【Goodbye2014】Codeforces 500C New Year Book Reading【贪心+模拟】

C. New Year Book Reading
time limit per test
2 seconds
memory limit per test
256 megabytes
input
standard input
output
standard output

New Year is coming, and Jaehyun decided to read many books during 2015, unlike this year. He has n books numbered by integers from 1 to n. The weight of the i-th (1 ≤ in) book is wi.

As Jaehyun's house is not large enough to have a bookshelf, he keeps the n books by stacking them vertically. When he wants to read a certain book x, he follows the steps described below.

  1. He lifts all the books above book x.
  2. He pushes book x out of the stack.
  3. He puts down the lifted books without changing their order.
  4. After reading book x, he puts book x on the top of the stack.

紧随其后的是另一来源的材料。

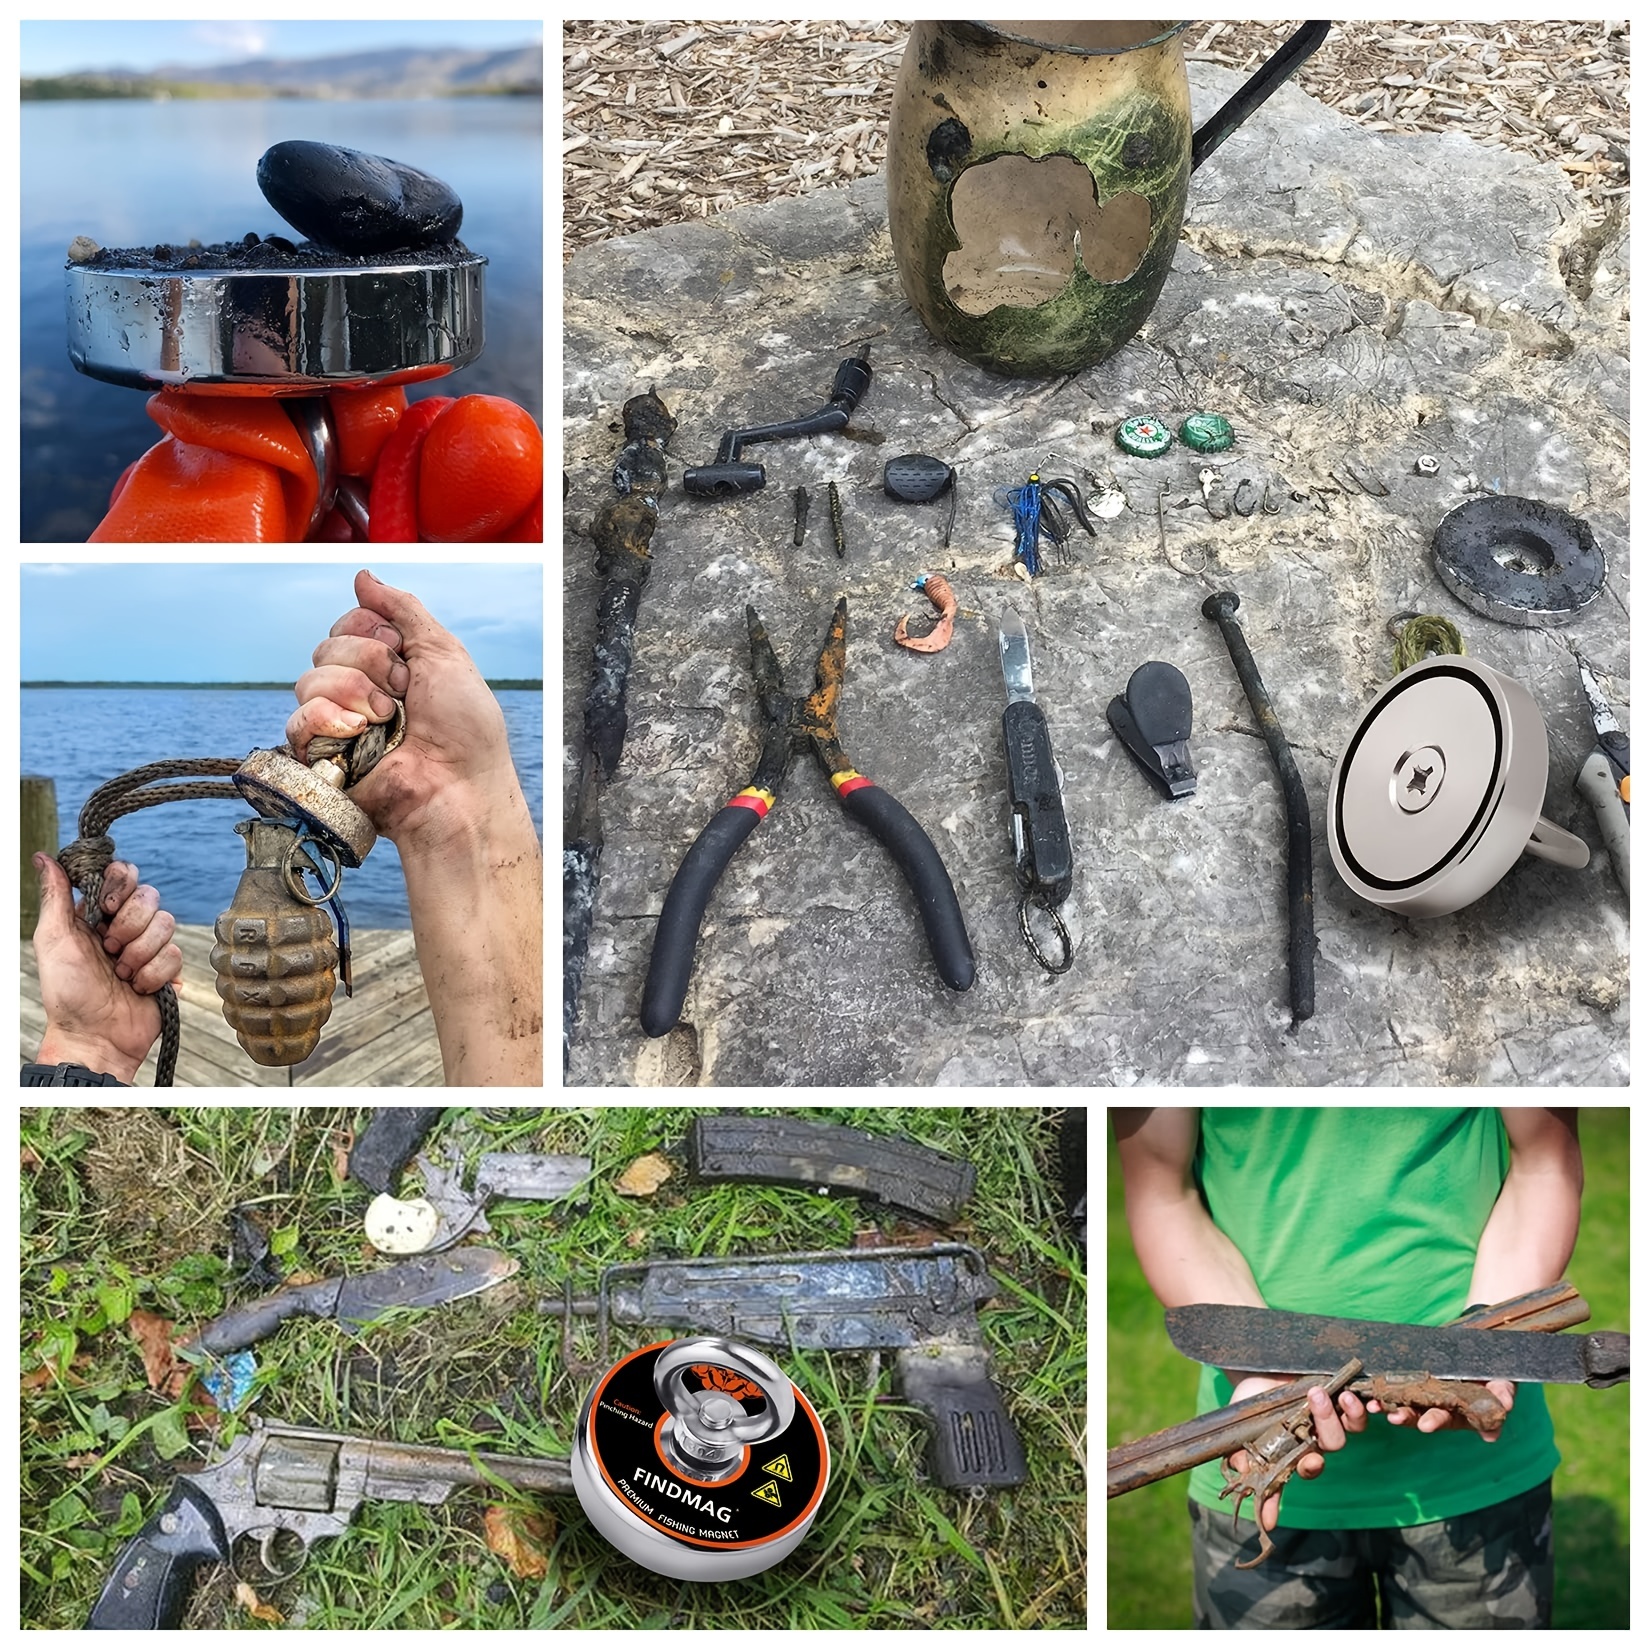 Magnet Fishing, Fishing Magnets Kit, 1000 Lbs (453 Kg) Pulling Force Super  Strong Magnet Fishing Kit
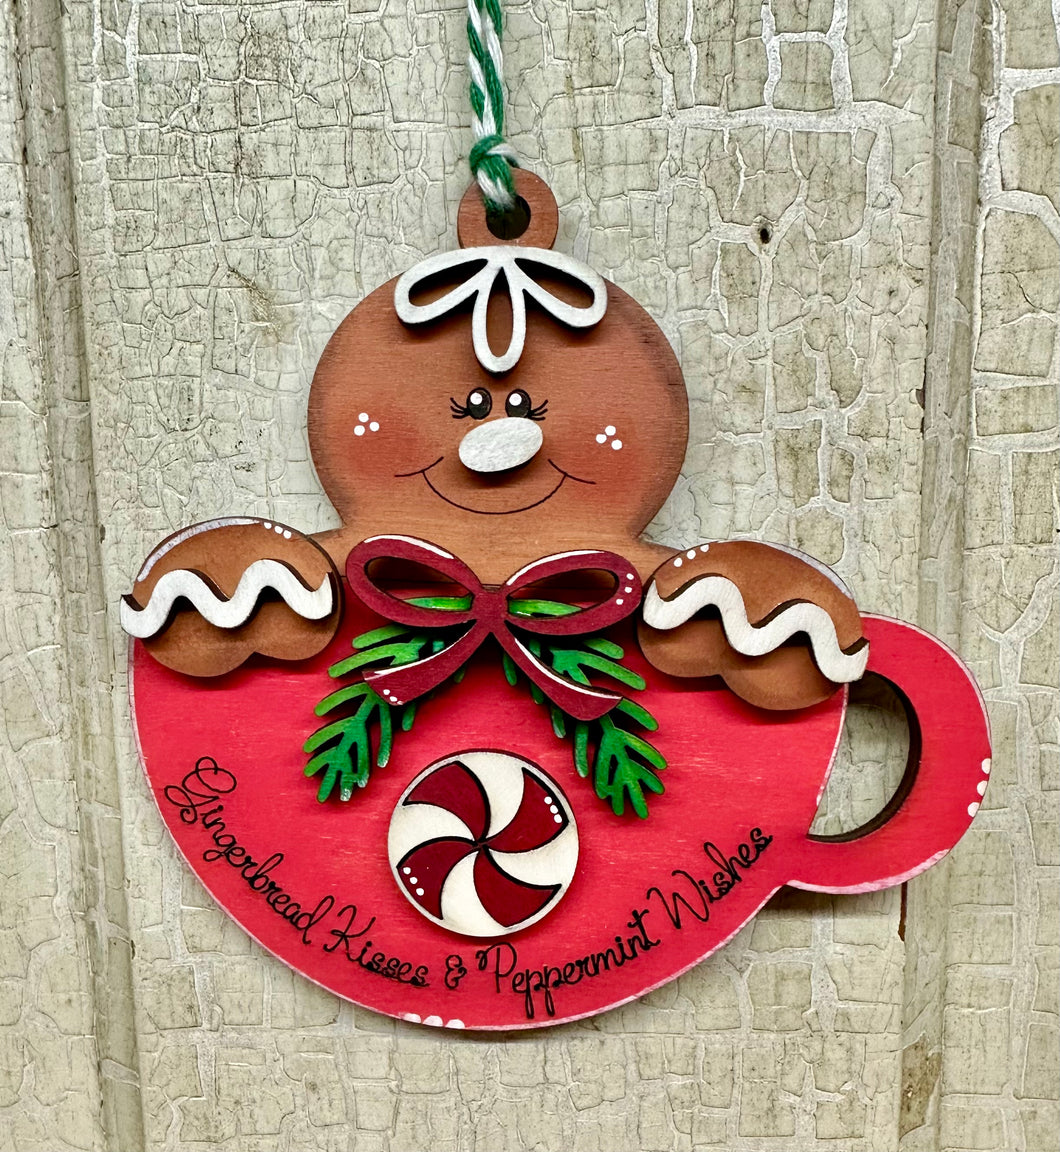 Peppermint Kisses Gingerbread Man Ornament - Unpainted

He decided to read books for m days. In the j-th (1 ≤ jm) day, he will read the book that is numbered with integer bj (1 ≤ bjn). To read the book, he has to use the process described in the paragraph above. It is possible that he decides to re-read the same book several times.

After making this plan, he realized that the total weight of books he should lift during m days would be too heavy. So, he decided to change the order of the stacked books before the New Year comes, and minimize the total weight. You may assume that books can be stacked in any possible order. Note that book that he is going to read on certain step isn't considered as lifted on that step. Can you help him?

Input

The first line contains two space-separated integers n (2 ≤ n ≤ 500) and m (1 ≤ m ≤ 1000) — the number of books, and the number of days for which Jaehyun would read books.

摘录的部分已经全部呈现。